佐香 実はこれ、かけてないんです。合成なんですよ。もちろん実際にかけて撮影したものもあるんですけど、この写真になっているのは合成して作っていただいた画像なんですね。そもそも僕はメガネとは縁のない視力なので。

――視力はいいんだ?

佐香 そうなんです。だから逆に憧れがありましたね。メガネをオシャレにかけられる人もいらっしゃるじゃないですか。伊達でかける方もいますし。メガネって+αな要素でもありますよね。その人を語る上での特徴になったり、選ぶメガネによっては個性にもなる。……僕はとにかくメガネが似合わないんですよ。
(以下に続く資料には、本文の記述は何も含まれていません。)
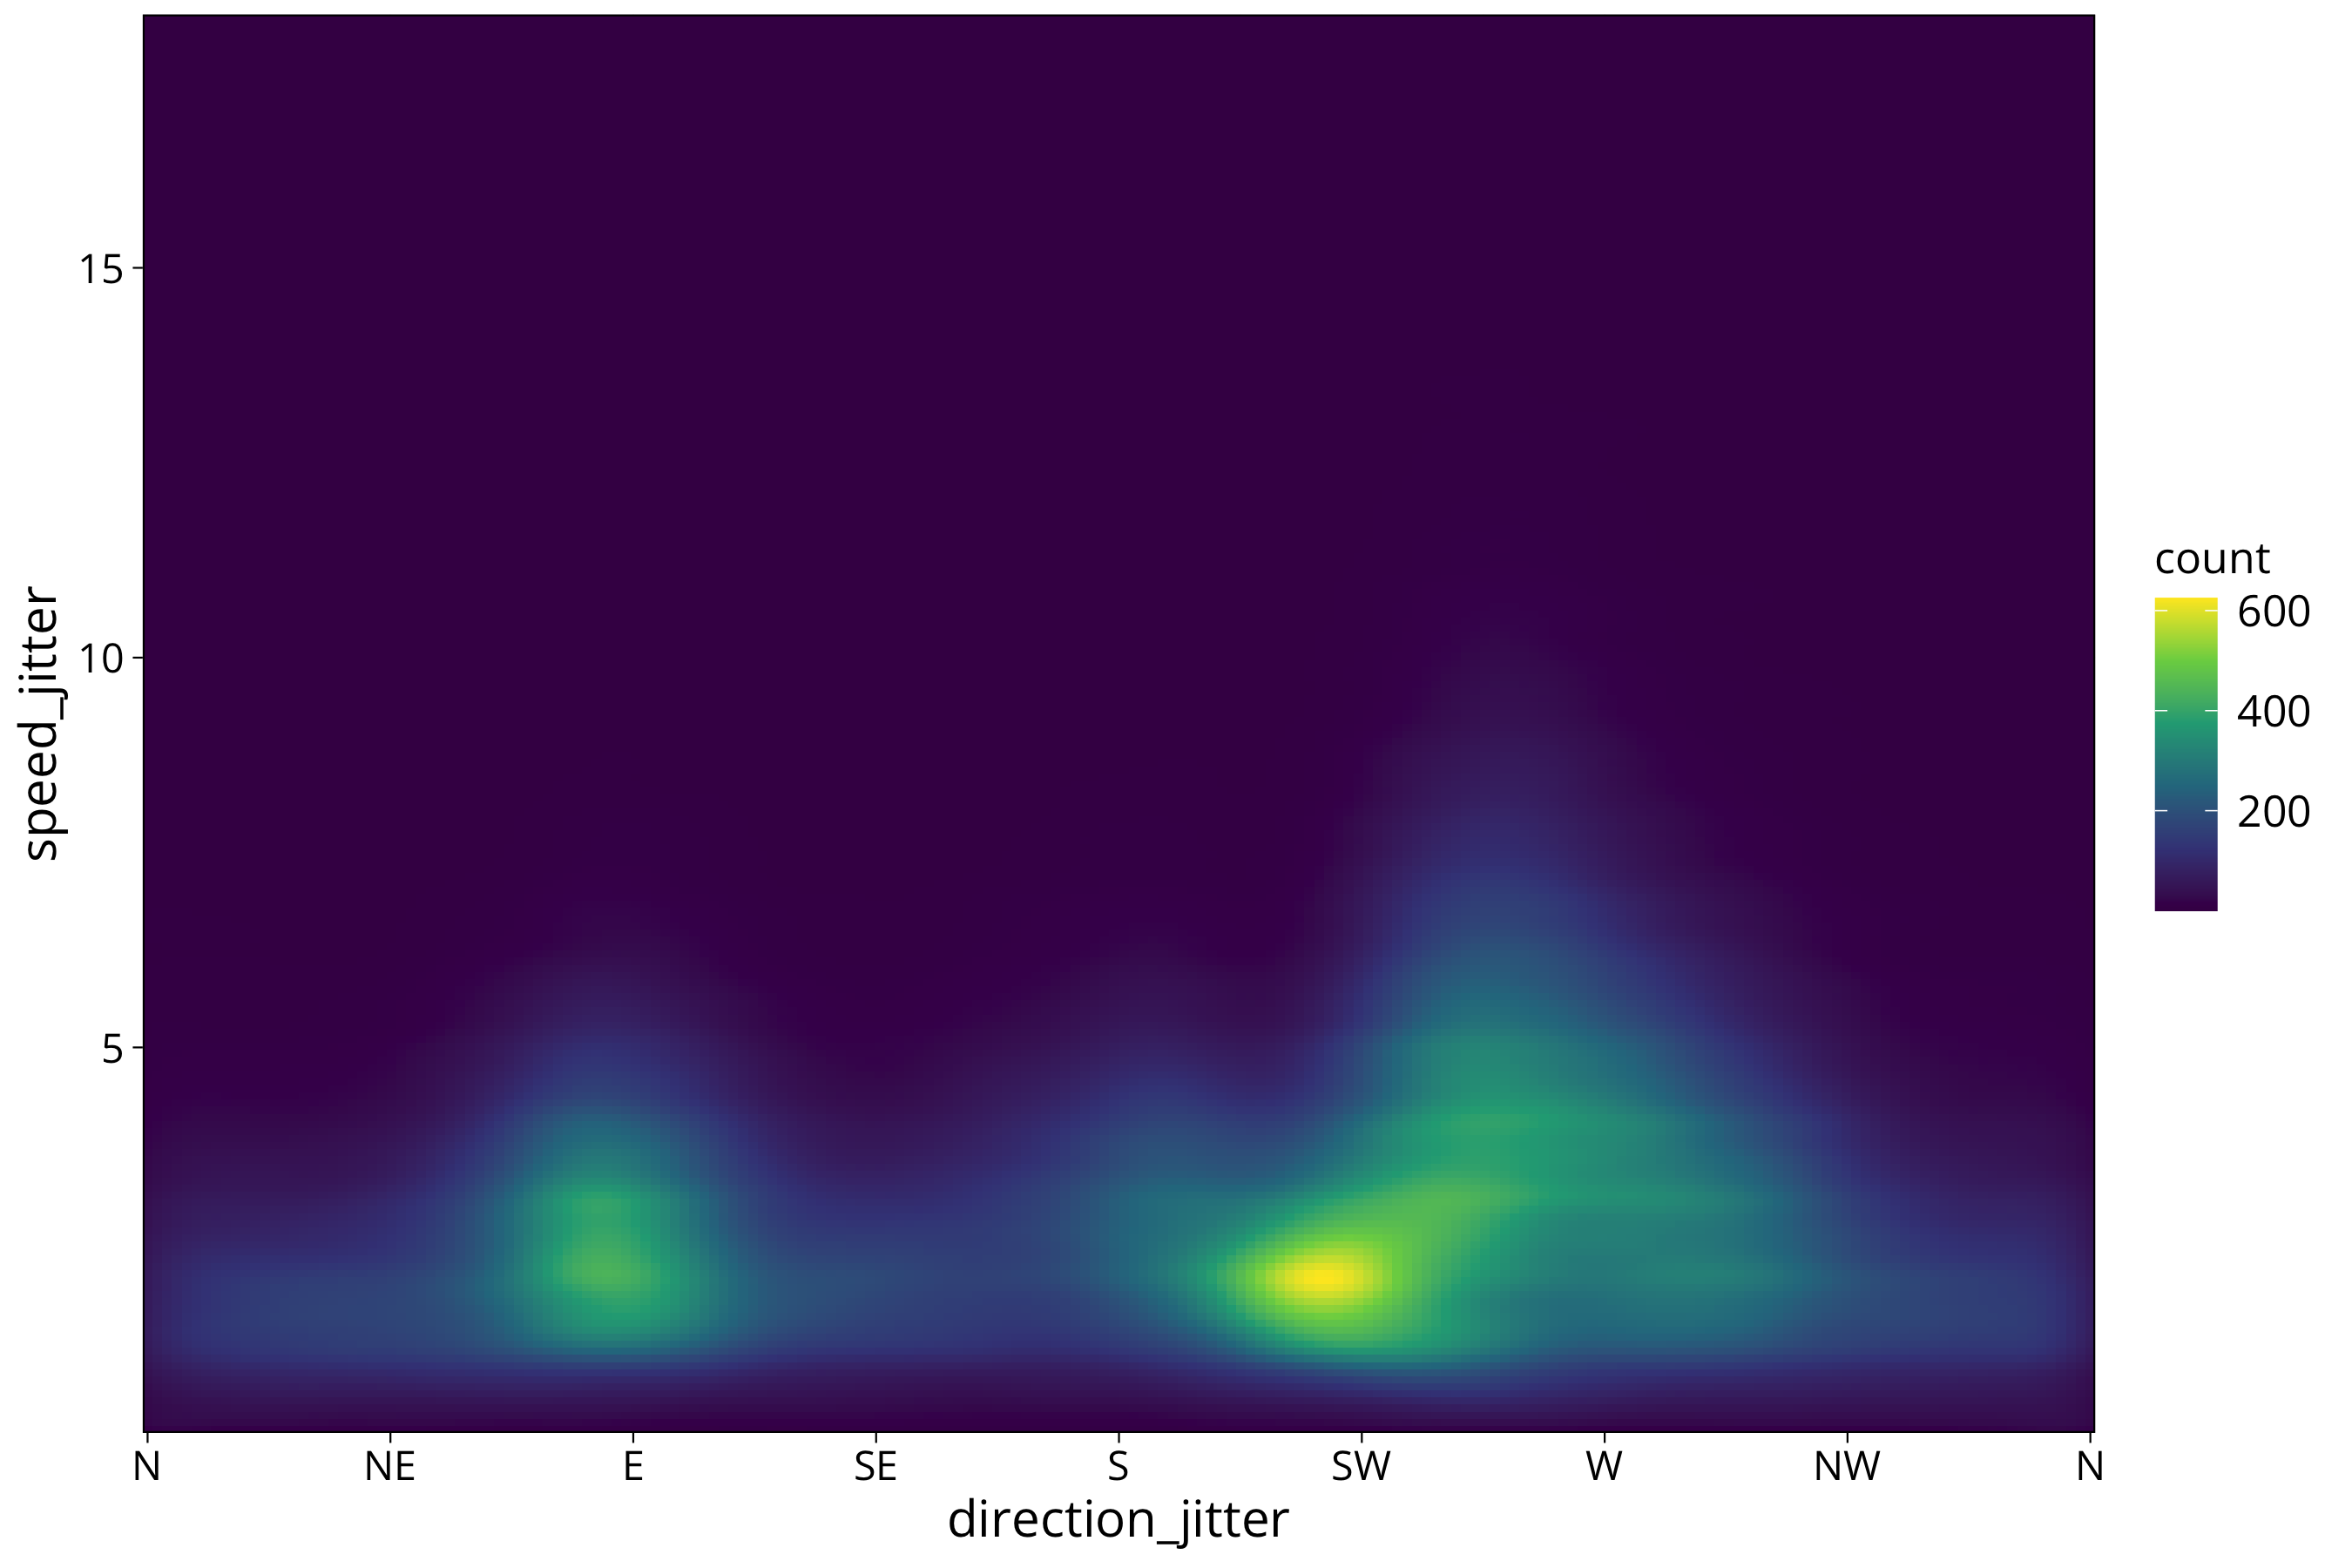 plot of chunk smooth density

――「メガネブ!」のメンバーもそれぞれのキャラの「個性」になってるもんね。メガネが。

佐香 そうなんですよ。羨ましいなぁって。僕、本当に似合わないんです。メガネのインパクトに僕自身は負けちゃうのかもしれない(笑)。これまであまりかける機会がなかったので、今回の「メガネブ!」を機会にかけてみたんですが、なかなか楽しかったです。マスクと一緒で、自分の顔が隠れて、また違うイメージになれる感覚もあって。面白い経験だったなぁって思います。

――そんなメガネの話から、「メガネブ!」エンディング・テーマである「カラフルワールド」のお話を伺いたいのですが、この曲はタイアップが決まってからの書き下ろし?

佐香 はい。「メガネブ!」のエンディングになるよって聞いて、作った曲です。

――毎回、アニメと出会うごとにその作品に触れて、ご自身の中の違う引き出しを開けたり、これまで知らなかった引き出しを発見したりしていくわけですよね?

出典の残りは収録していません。